Under this title, we have included some information that we think will be useful about NCL disease, its causes, symptoms, types and treatment methods.
NCL is an inherited nervous system disease that starts in childhood and has fatal consequences. In general, the root cause, progression, and result are the same. There are 8 different genes that cause this disease and the disease is classified according to the age of onset. Specifically, the disease is caused by the accumulation of lipofuscin, which is composed of fats and proteins, in the tissues. These substances are located on the lysosome, and the lysosomes are responsible for cleaning waste products.
What Causes Ncl Disease?
It is a type of disease inherited in an autosomal recessive manner, as there are cases of autosomal dominant inheritance in NCL patients. In other words; It can be defined as two copies of defective genes, one from the mother and one from the father. It is a type of disease that occurs when lysosome organelles in the cell lose their functions.
Types of Ncl Disease
There are 4 types of NCL in total, which are divided into 3 types in childhood and 1 type in adulthood. Some symptoms in childhood become more pronounced in later years. Congenital NCL is a very severe type. They appear as small-headed in infants and die soon after birth. Infantile NCL is seen between the ages of 6 months and 2 years and progresses rapidly. Children under its influence do not develop. They suffer severe muscle contractions and usually die before the age of 5. Exceptionally, there are infants who survived in the vegetative state.
Late infantile NCL occurs between the ages of 2 and 4 years. Among the general symptoms are ataxia and seizures that do not affect the drugs. This progresses rapidly as in other ages and results in death at the age of 8 years. Adult NCL begins just before the age of 40 and progresses slowly. Due to the late onset situation, the exact age of death is not specified, but it shortens the life span.

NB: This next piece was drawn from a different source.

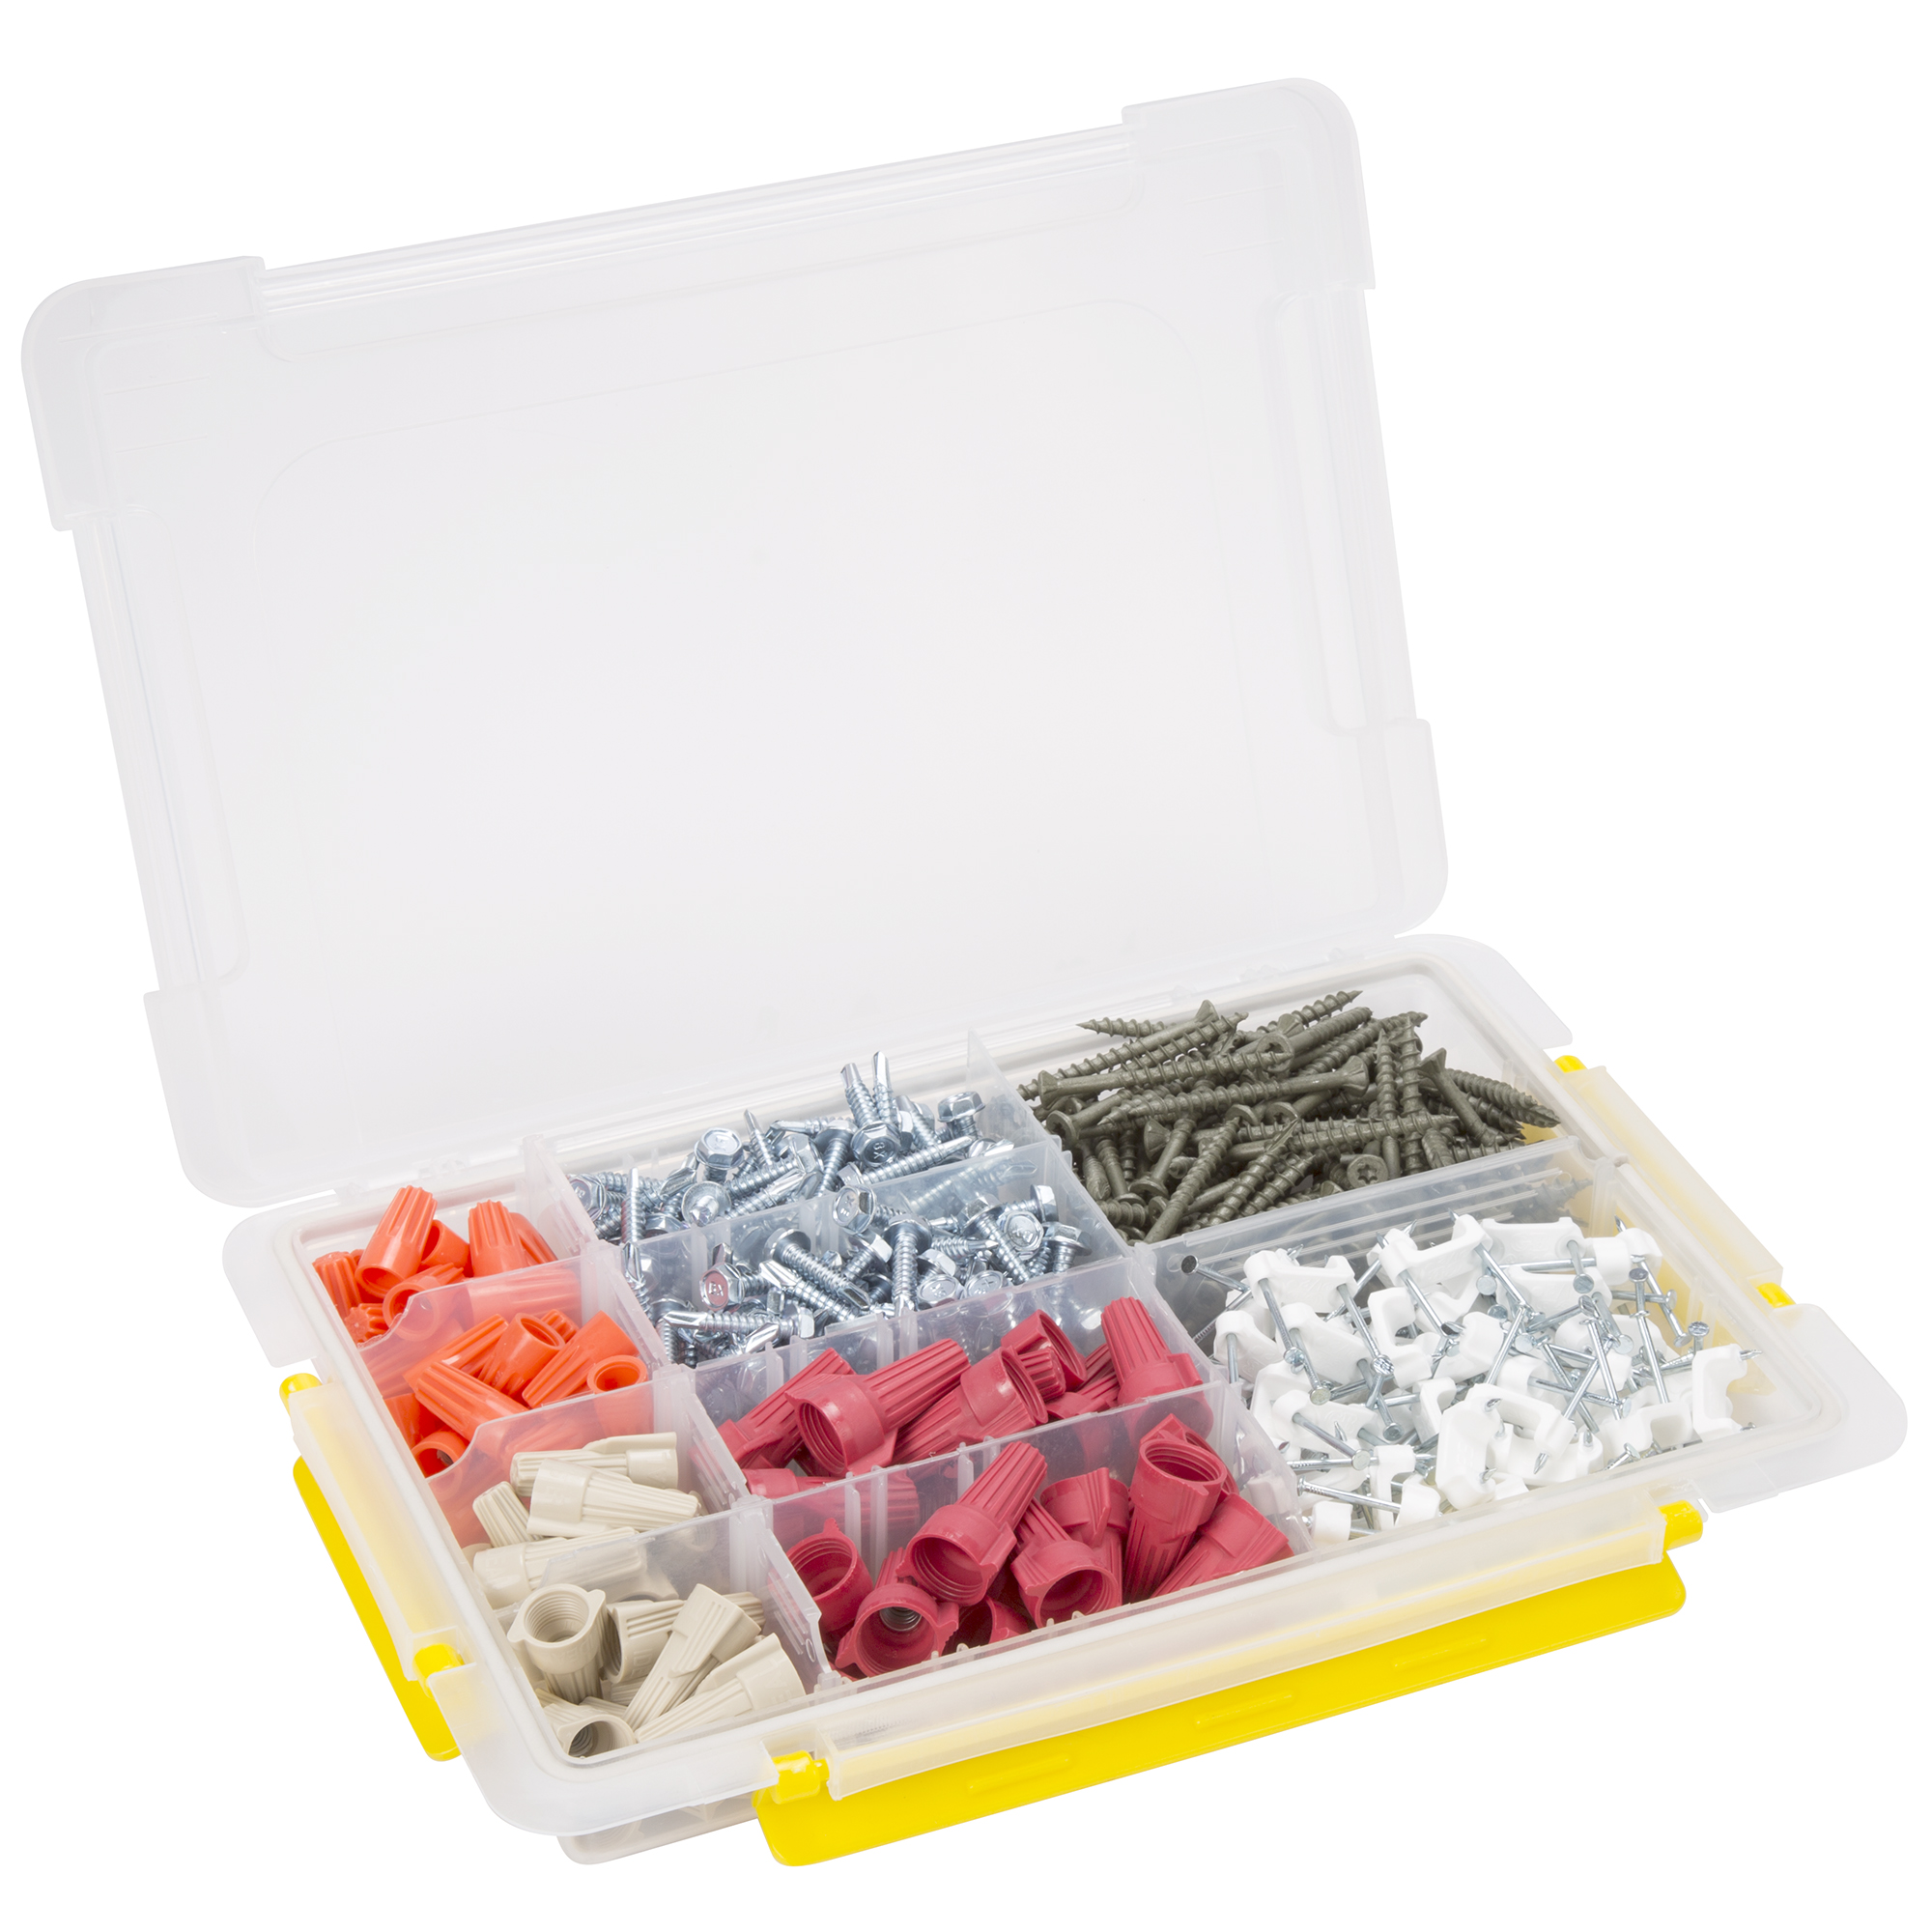 Stalwart Parts & Crafts Storage Organizers 6 Tool Box Set - Free Shipping
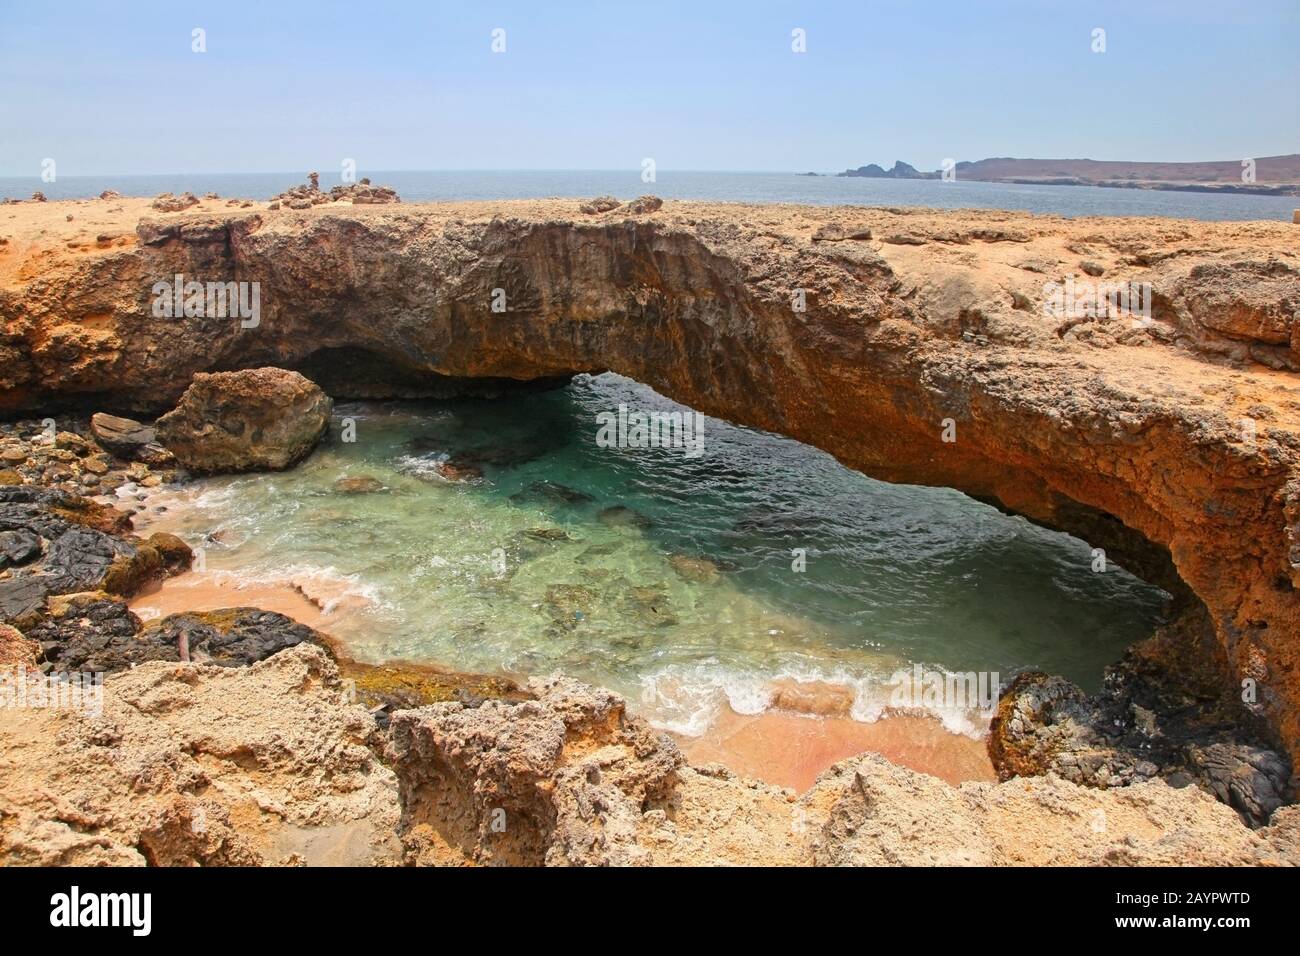 Pont naturel, formé de calcaire de corail, Aruba, Lesser Antiles, Caraïbes. Banque D'Images

NCL Disease often differs in terms of the types it contains and because it has different mutations.
- vision loss
- Personality and behavioral changes
- difficulty understanding
- Intense muscle contraction
- Head smaller than body
- difficulty moving
- Posture disorder
Generally, individuals with this disease are more likely to be bedridden because they have difficulty moving.
Ncl Disease Treatment
No specific treatment has yet been found that can prevent NCL disease and reverse symptoms. Only seizures can be reduced with medication. In this disease, which causes loss of movement, only early loss of movement can be delayed with physiotherapy methods. Permanent treatment methods for the disease are currently being investigated.